How to define local functions in PHP?

Question

When I try to do this:

function a()
{
    function b() { }
}

a();
a();

I get Cannot redeclare b....
When I tried to do this:

function a()
{
    if(!isset(b))
        function b() { }
}

a();
a();

I get unexpected ), expected ....
How can I declare the function as local and to be forgotten of when a returns? I need the function to pass it to array_filter.

Answer 1

The idea of "local function" is also named "function inside function" or "nested function"... The clue was in this page, anonymous function, cited by @ceejayoz and @Nexerus, but, let's explain!

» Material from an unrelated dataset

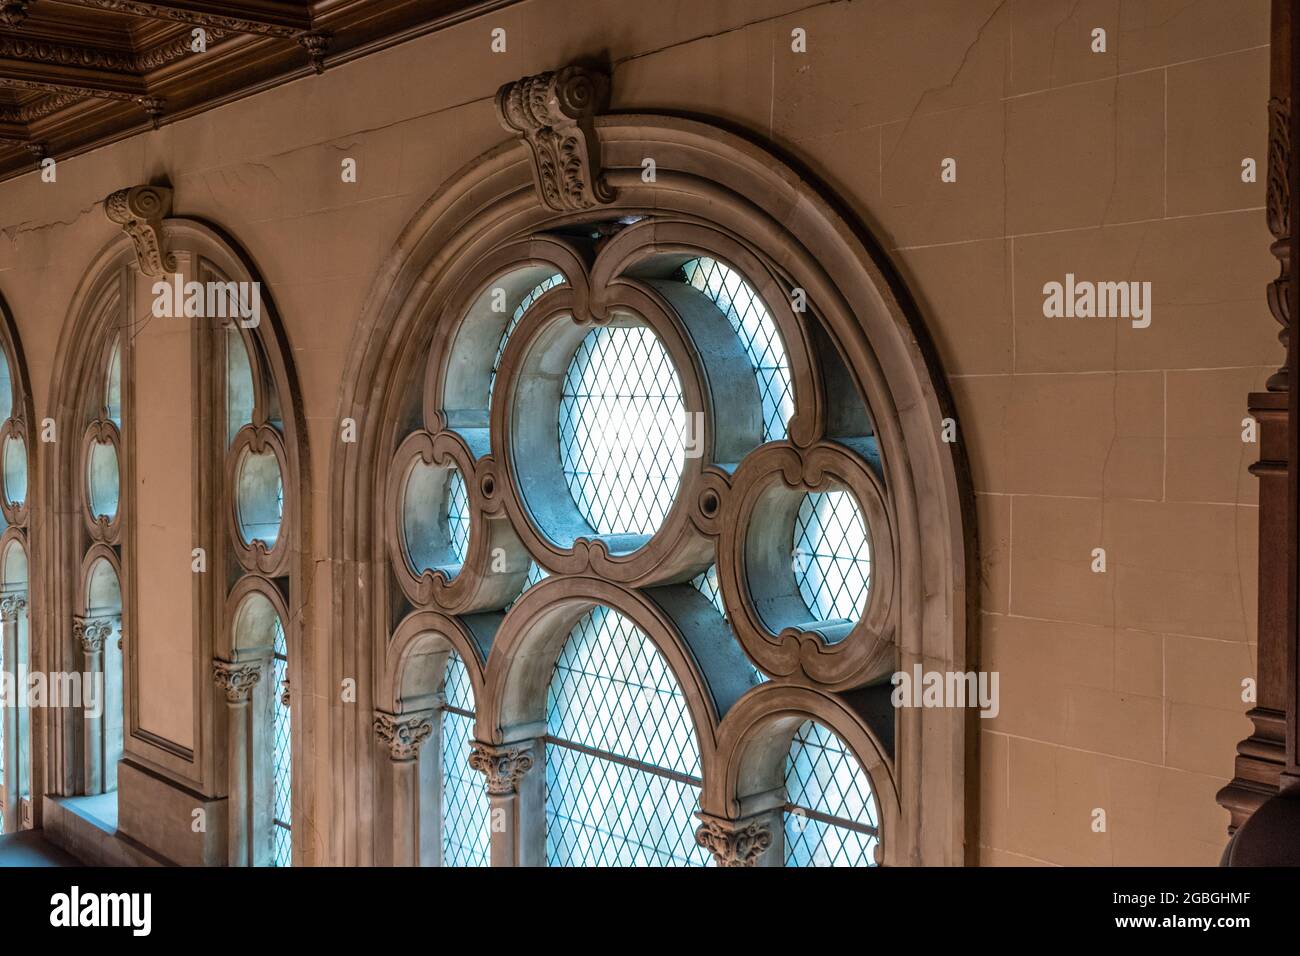 Window detail at the Museum of Decorative Arts in Buenos Aires, Argentina Stock Photo

1. In PHP only exist global scope for function declarations;
2. The only alternative is to use another kind of function, the anonymous one.

Explaining by the examples:

1. the function b() in function a(){ function b() {} return b(); } is also global, so the declaration have the same effect as function a(){ return b(); } function b() {}.

2. To declare something like "a function b() in the scope of a()" the only alternative is to use not b() but a reference $b(). The syntax will be something like function a(){ $b = function() { }; return $b(); }

PS: is not possible in PHP to declare a "static reference", the anonymous function will be never static.

See also:

• var functionName = function() {} vs function functionName() {} (ans)
• What are PHP nested functions for?